ASSIGNMENT
In the listing below, find the line with "Veste tailleur cintrée" and the line with "Marni T-shirt - Blublack シャツ", then return them and every line between them exactly, minus the pictures.

GIVEN INFORMATION

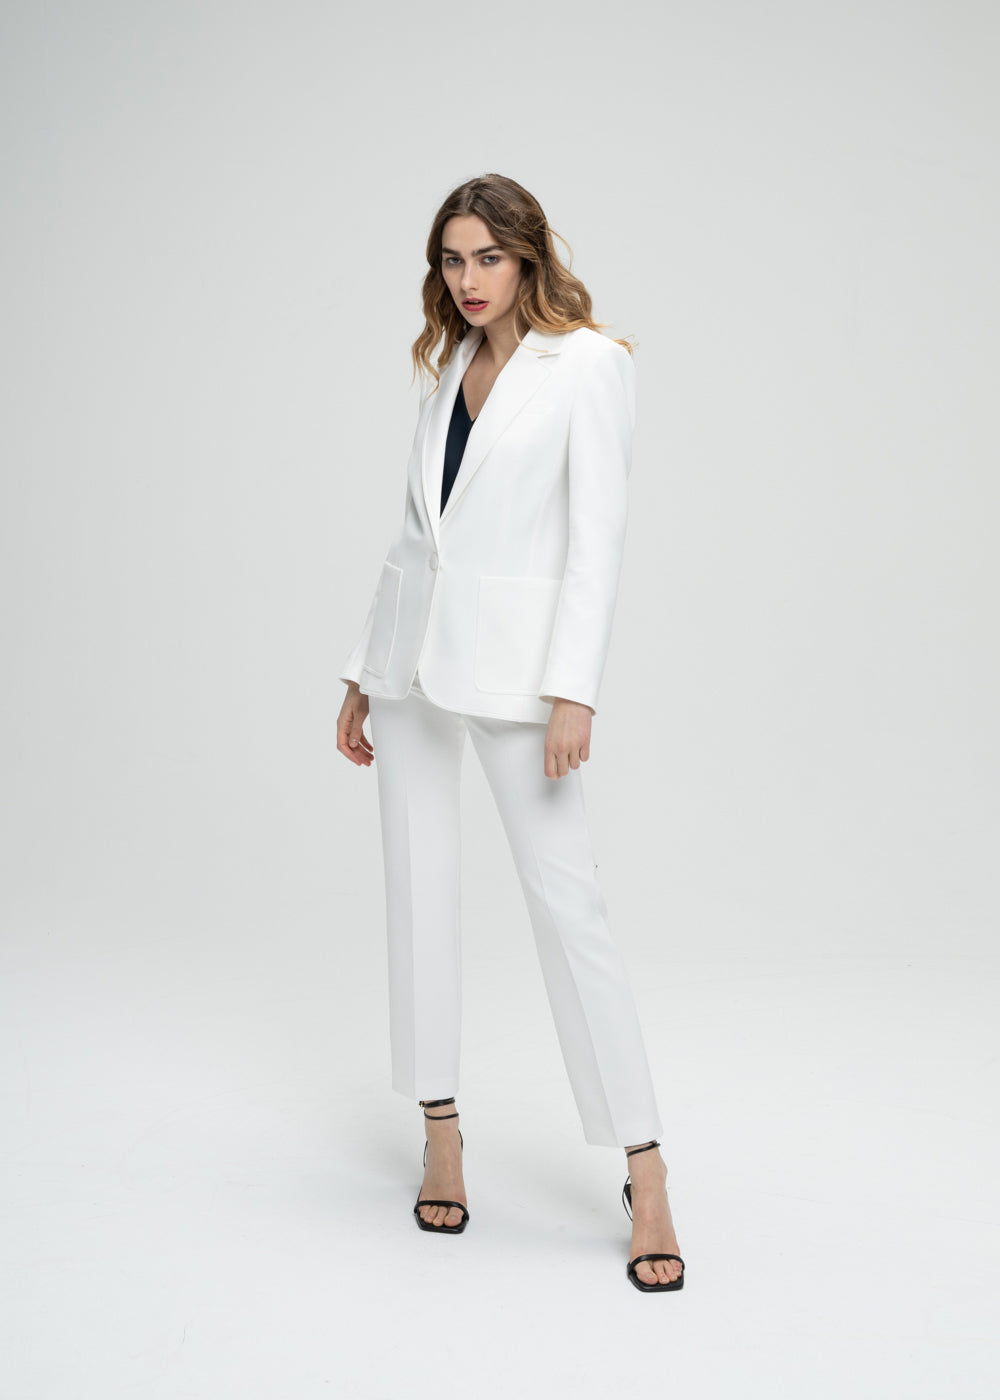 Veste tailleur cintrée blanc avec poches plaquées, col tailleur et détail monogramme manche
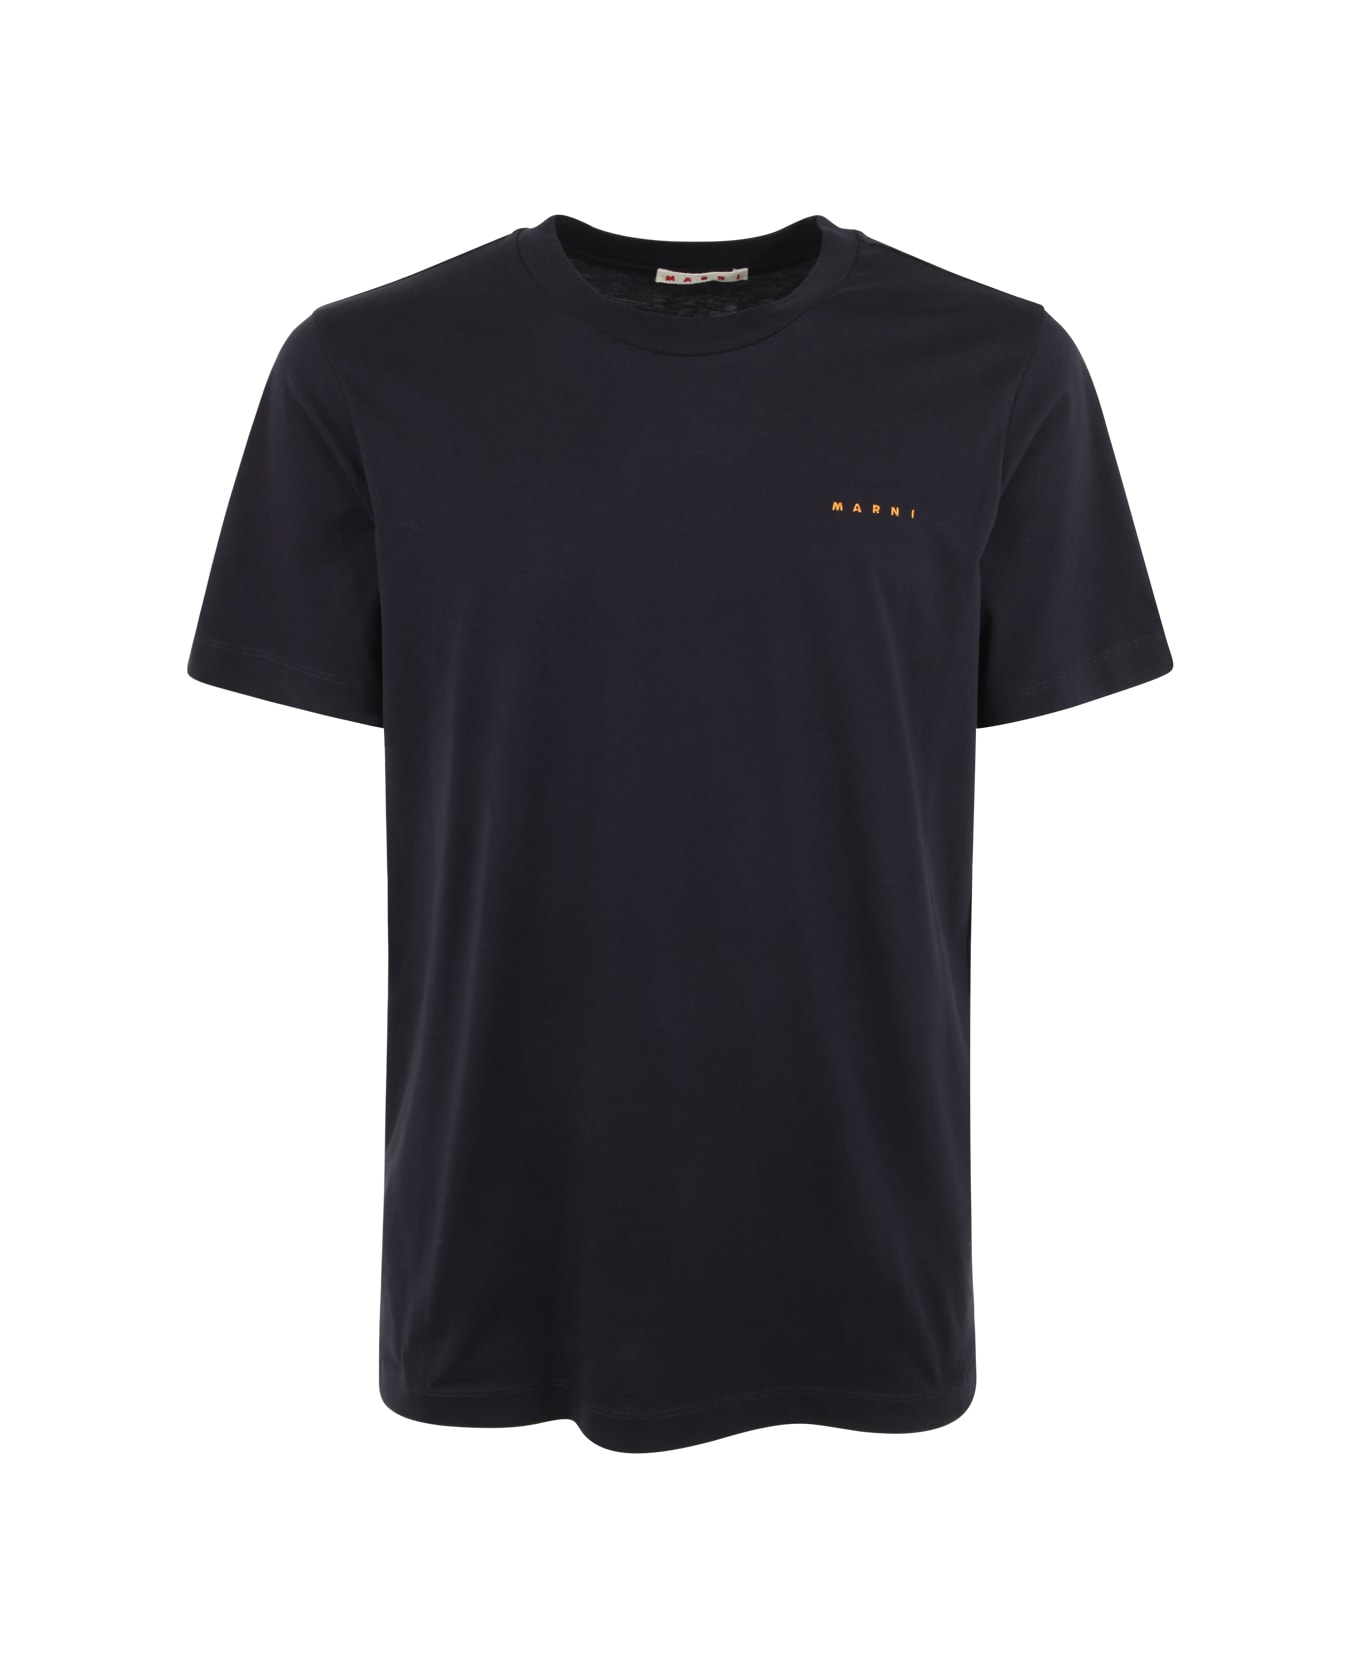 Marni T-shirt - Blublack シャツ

---

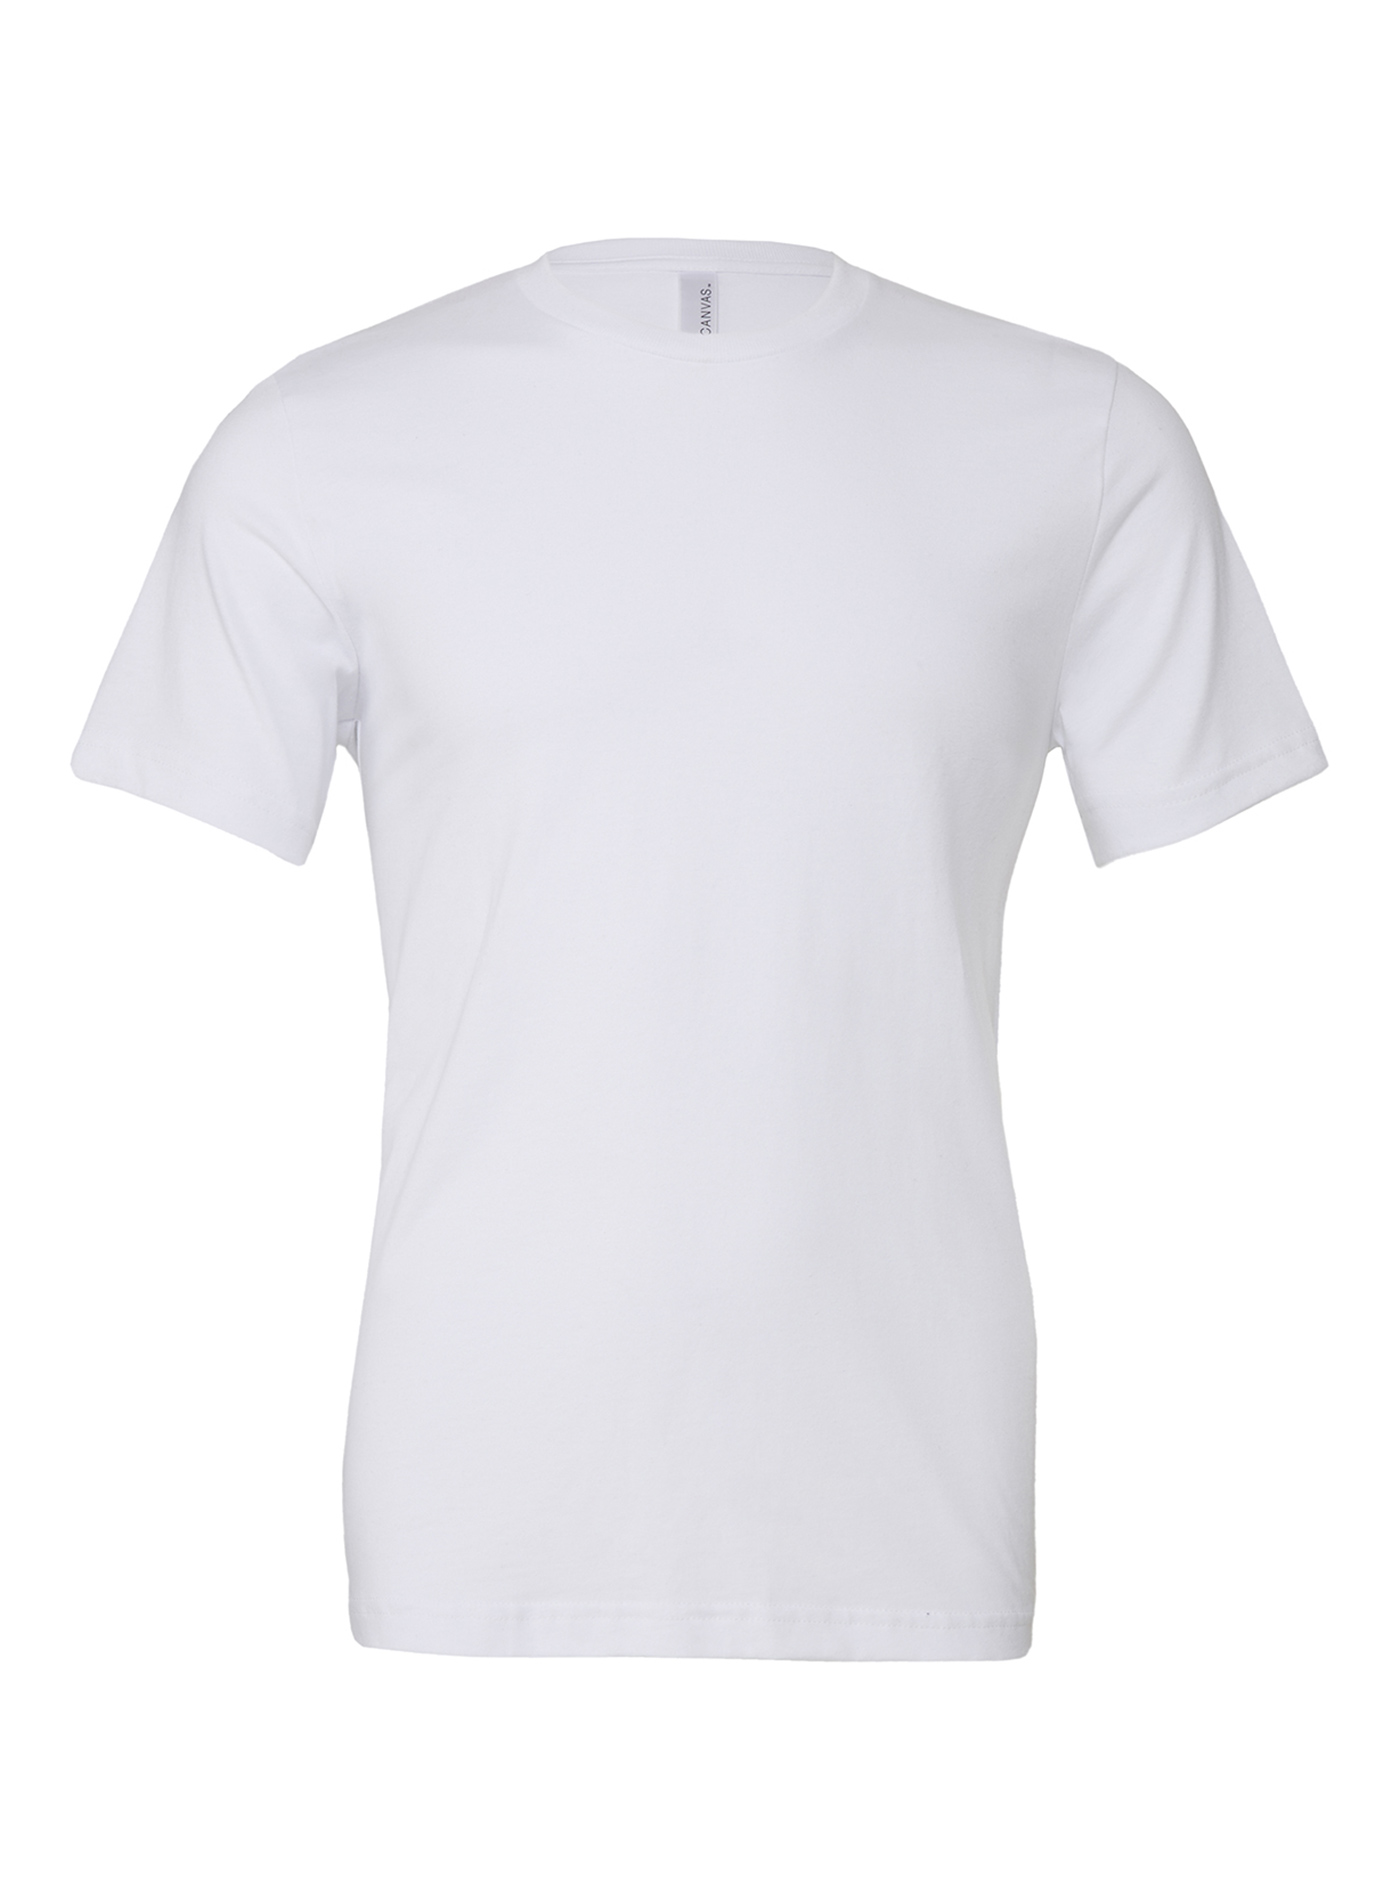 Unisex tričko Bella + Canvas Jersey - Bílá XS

--

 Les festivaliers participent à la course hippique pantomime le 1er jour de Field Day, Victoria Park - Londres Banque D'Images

SOLUTION TO THIS TASK
 Veste tailleur cintrée blanc avec poches plaquées, col tailleur et détail monogramme manche
 Marni T-shirt - Blublack シャツ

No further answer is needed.